PROBLEM TO SOLVE – Would you reproduce exactly, and only, the lines starting at the one with "2015 Rolls Royce" and ending at the last line of the data, with both included? Leave the pictures out.

DATA IN THIS EXERCISE –
* * * * *
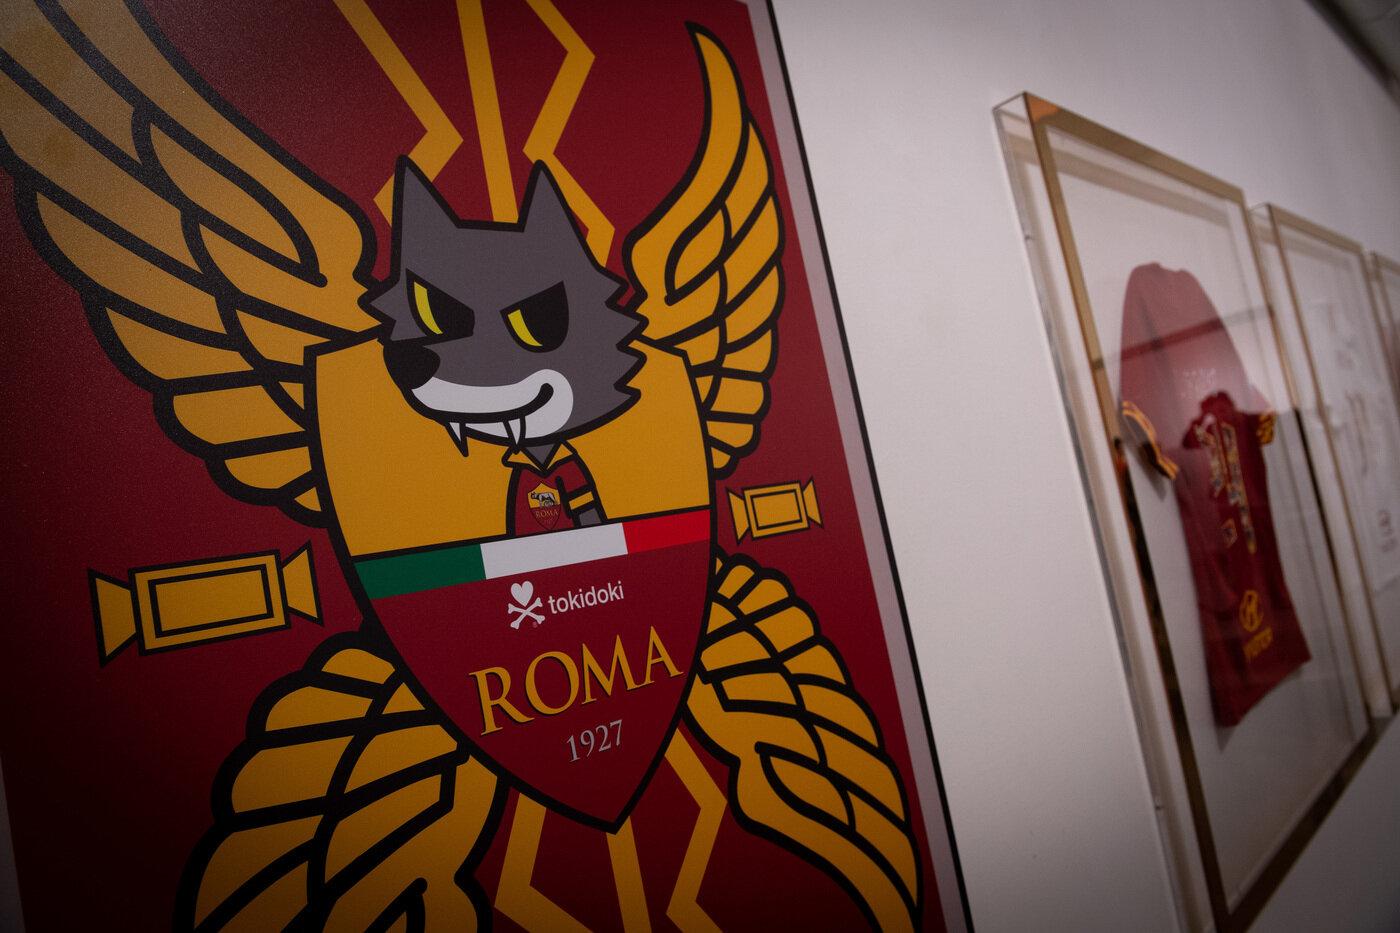 roma5.jpg
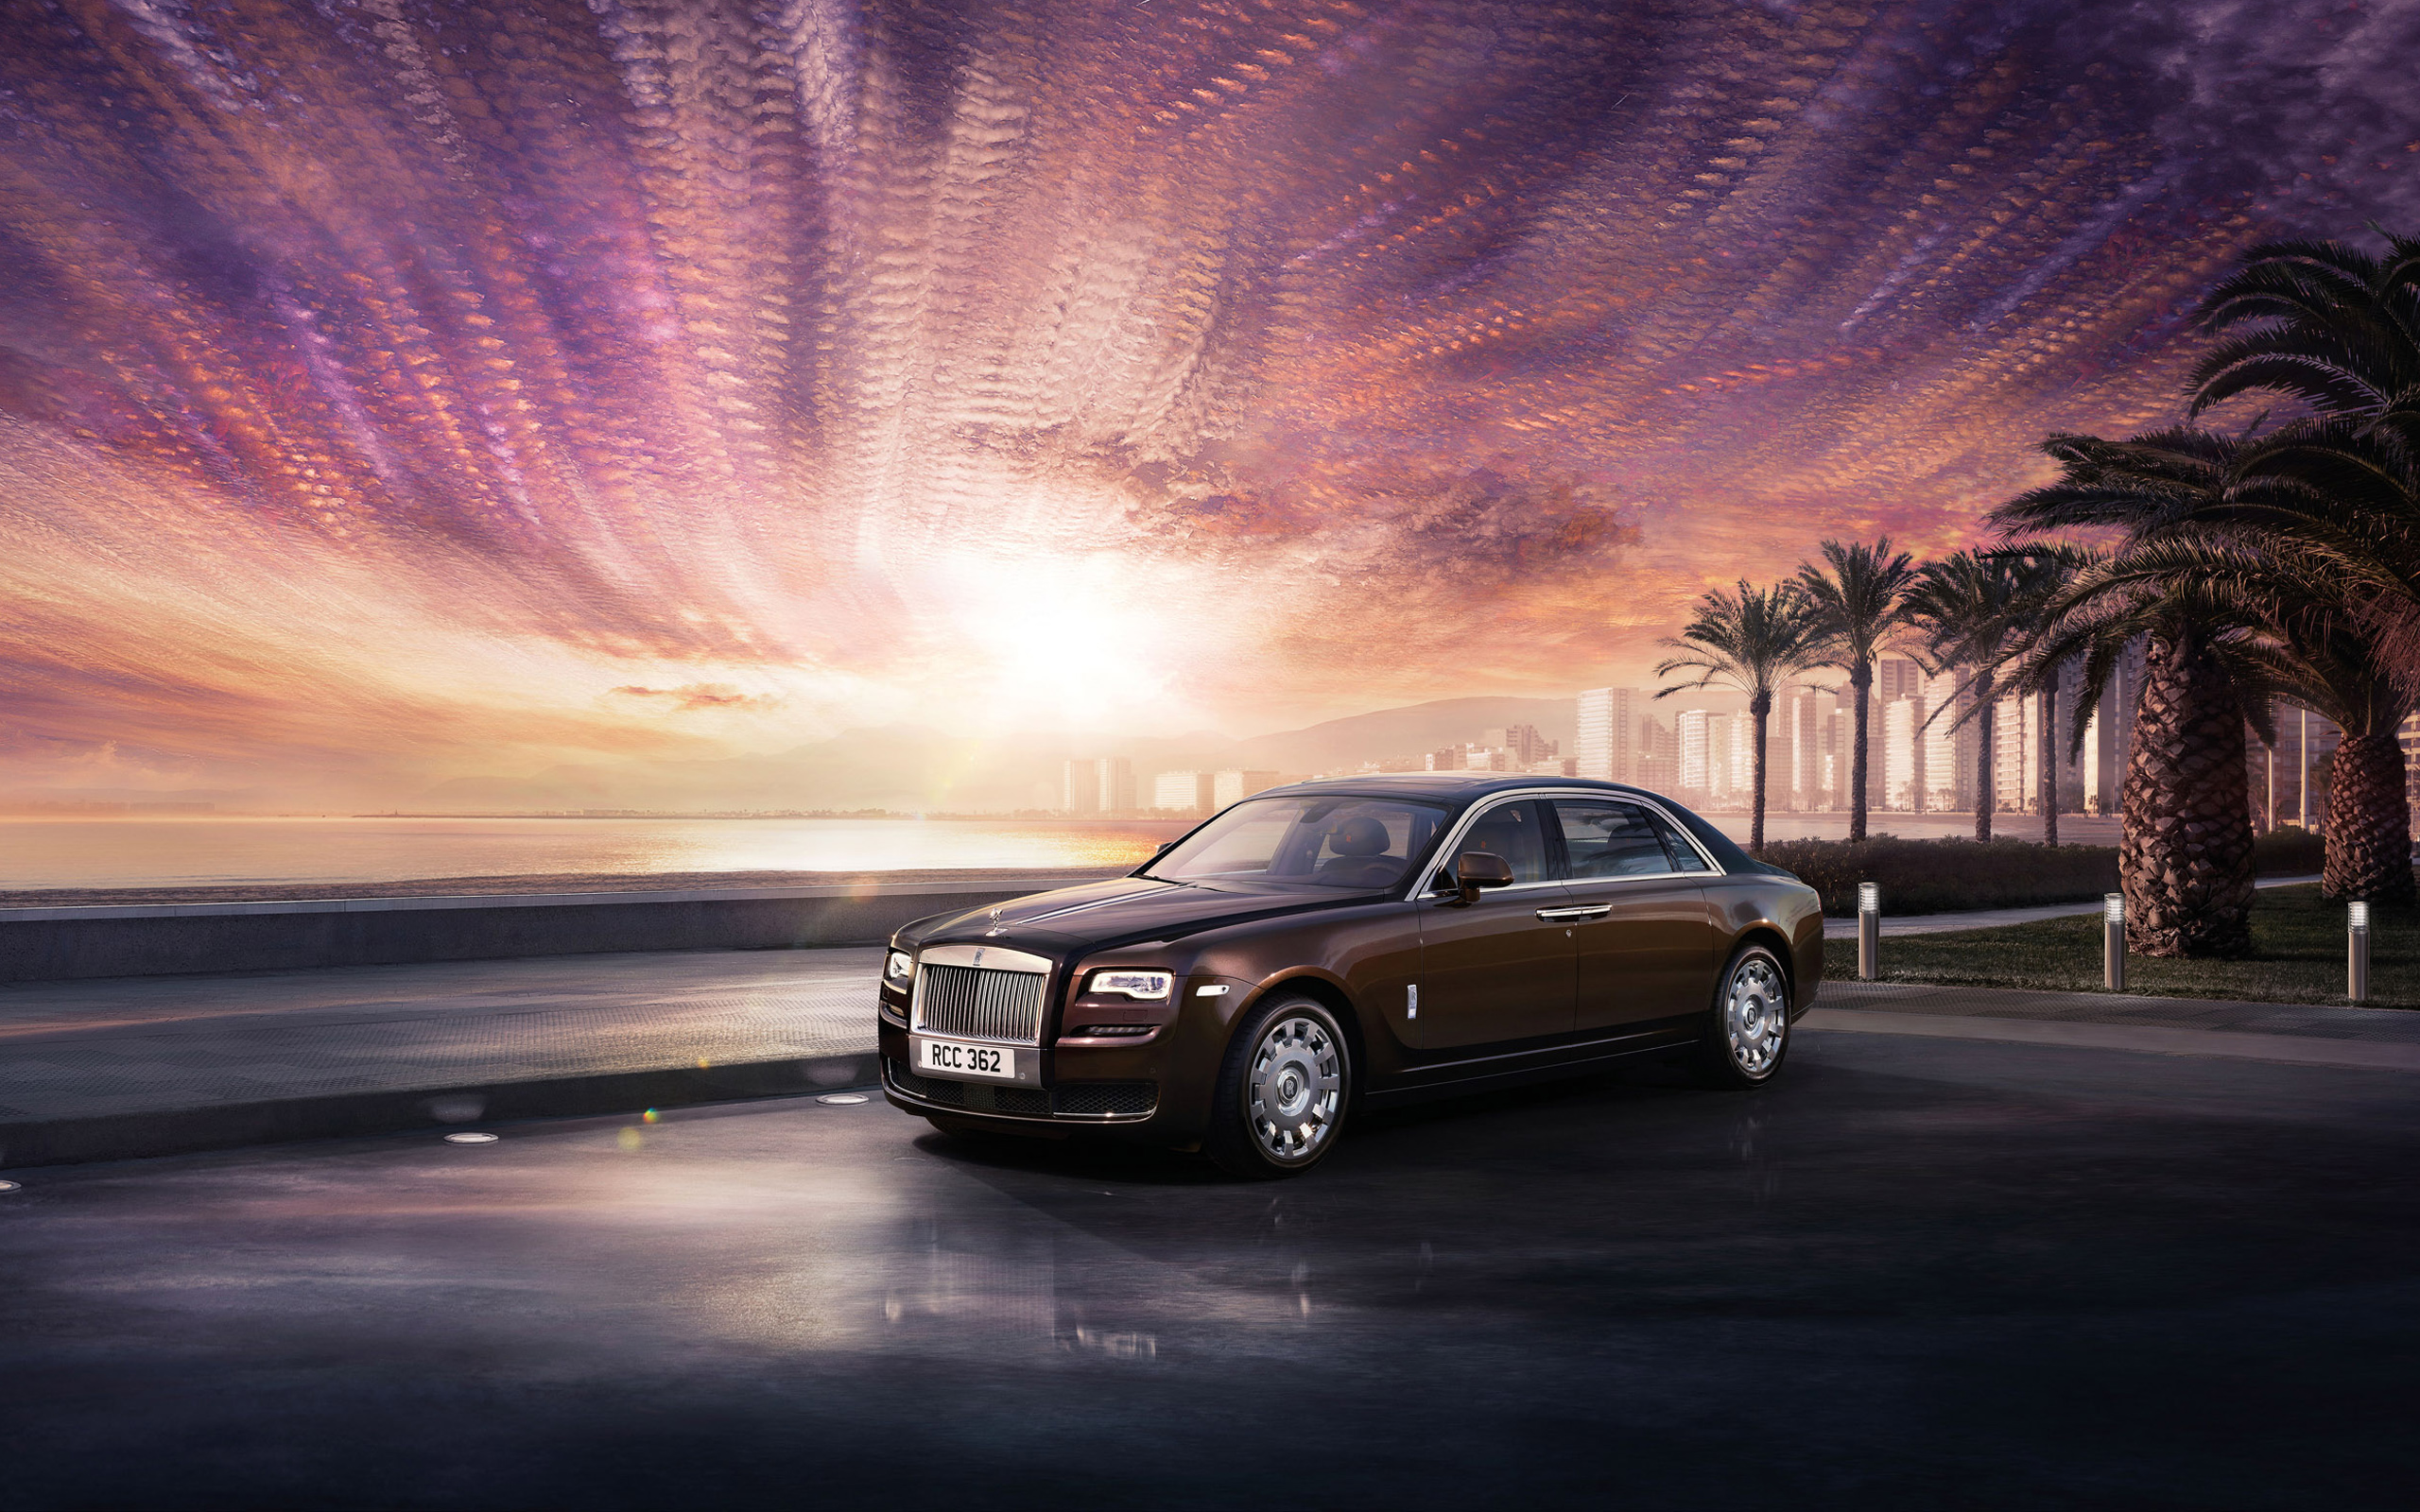 2015 Rolls Royce Ghost Series II Wallpaper HD Car Wallpapers 2560x1600
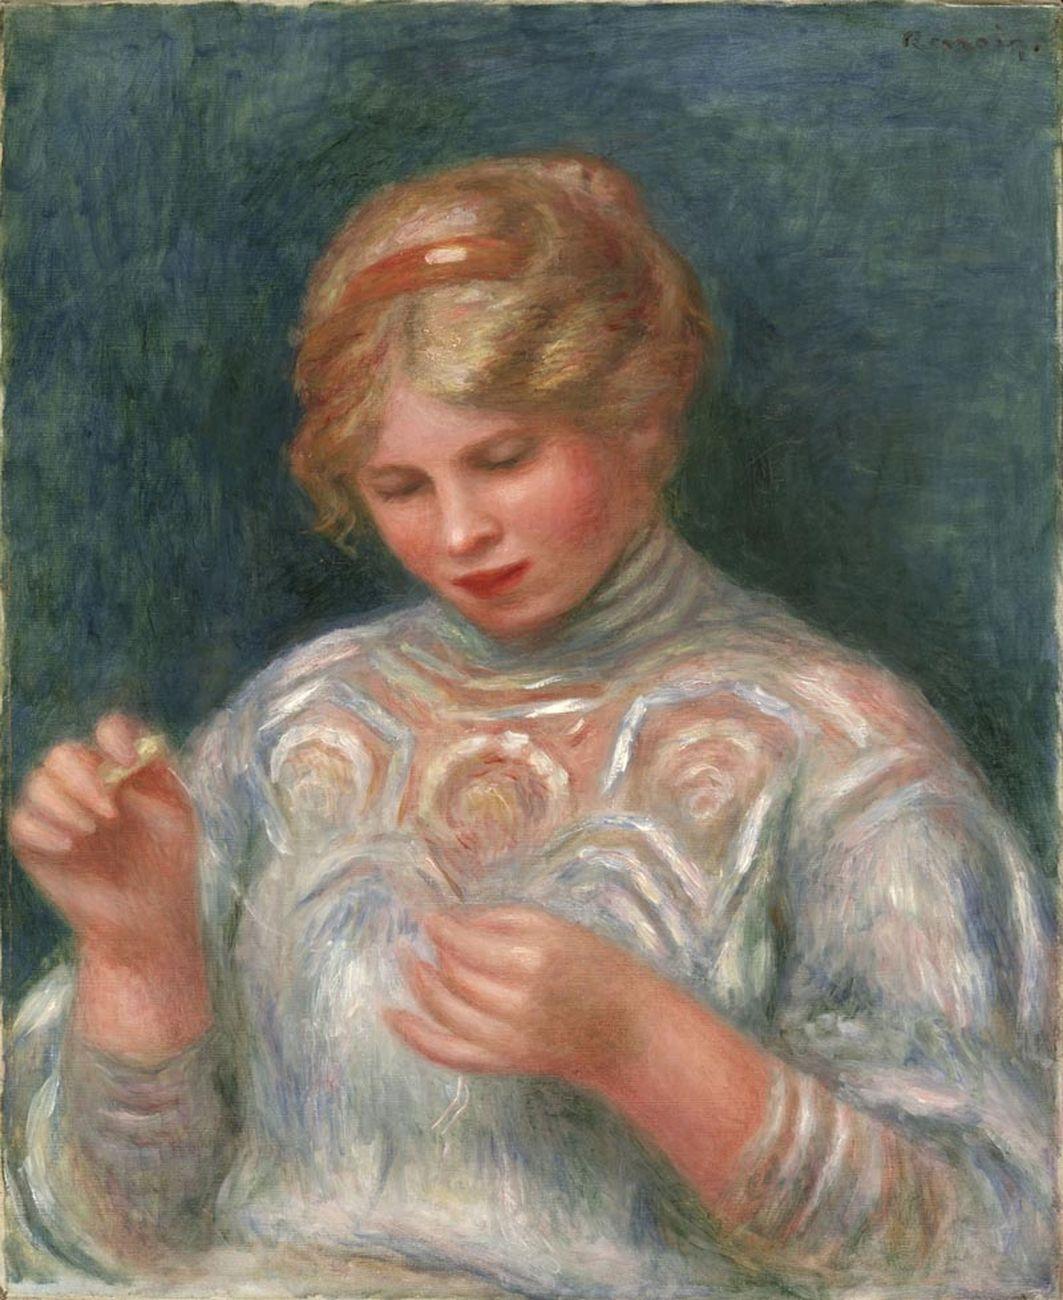 Pierre-Auguste Renoir, Ragazza che fa il merletto (1906; olio su tela, 56,5 x 46,7 cm; Filadelfia, Philadelphia Museum of Art)
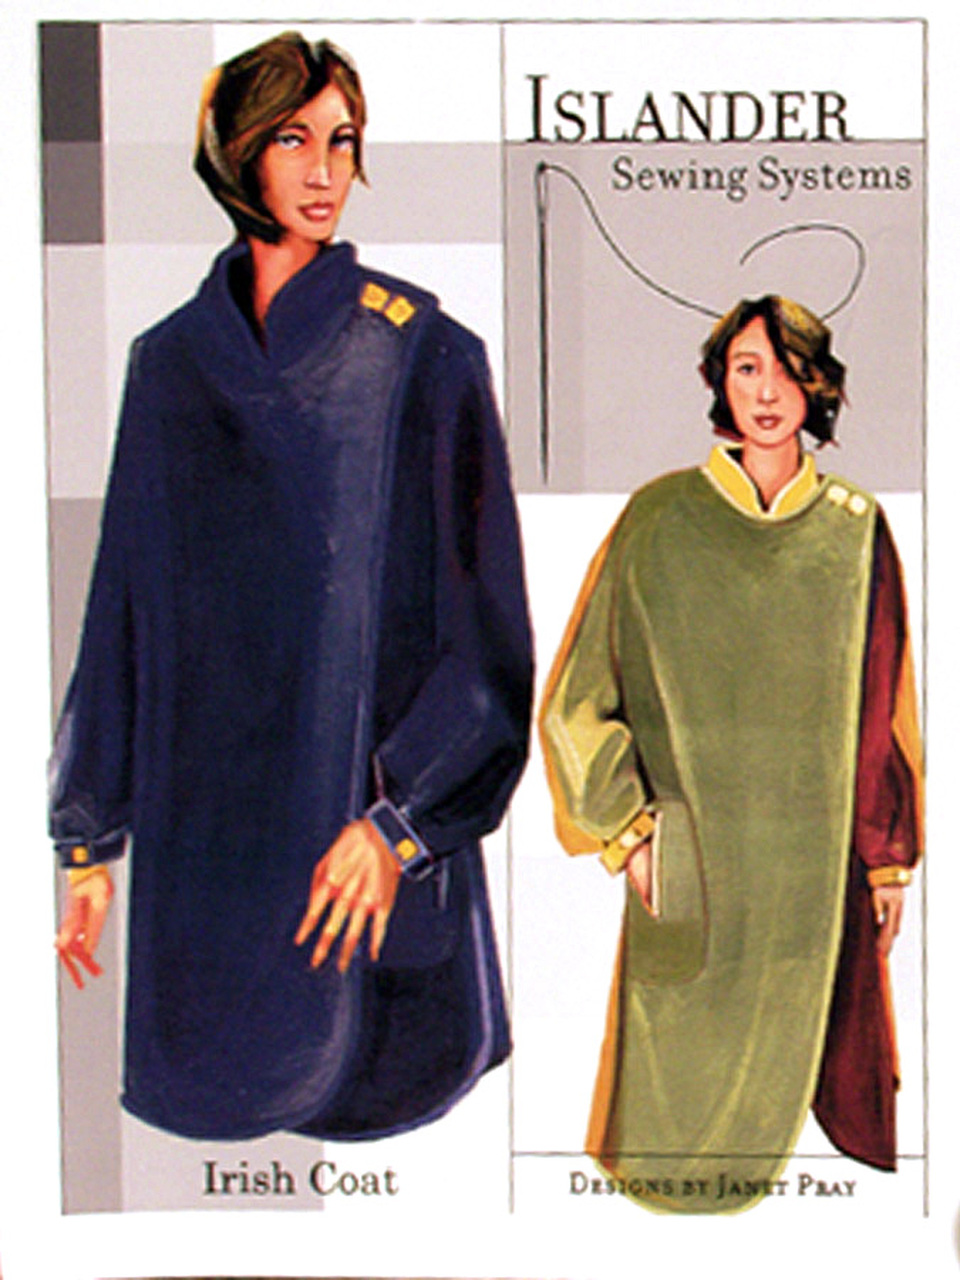 ow irish coat pattern islander sewing
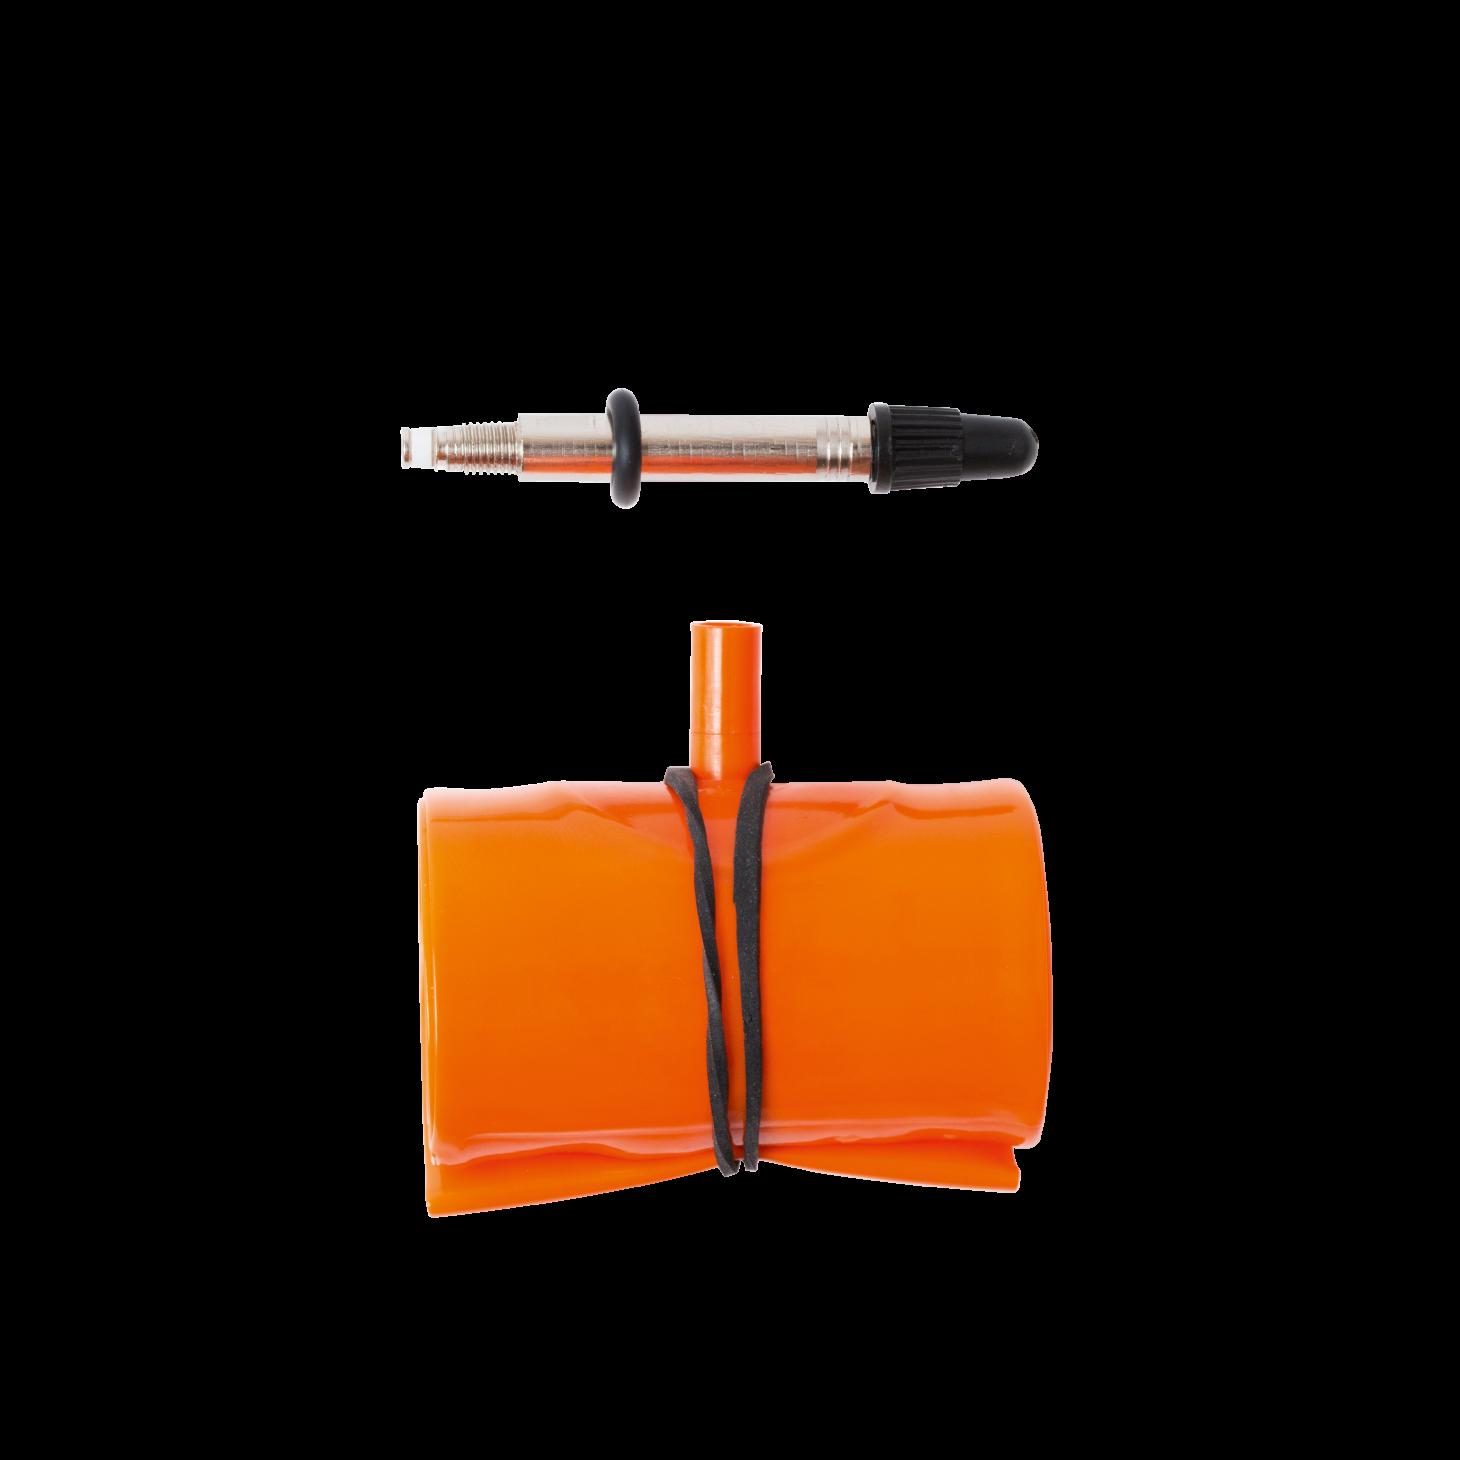 tubolito s tubo mtb 29 zoll ultralight schlauch sv 42 mm online kaufen bmo bike mailorder. Black Bedroom Furniture Sets. Home Design Ideas
* * * * *
EXERCISE SOLUTION –
 2015 Rolls Royce Ghost Series II Wallpaper HD Car Wallpapers 2560x1600
 Pierre-Auguste Renoir, Ragazza che fa il merletto (1906; olio su tela, 56,5 x 46,7 cm; Filadelfia, Philadelphia Museum of Art)
 ow irish coat pattern islander sewing
 tubolito s tubo mtb 29 zoll ultralight schlauch sv 42 mm online kaufen bmo bike mailorder. Black Bedroom Furniture Sets. Home Design Ideas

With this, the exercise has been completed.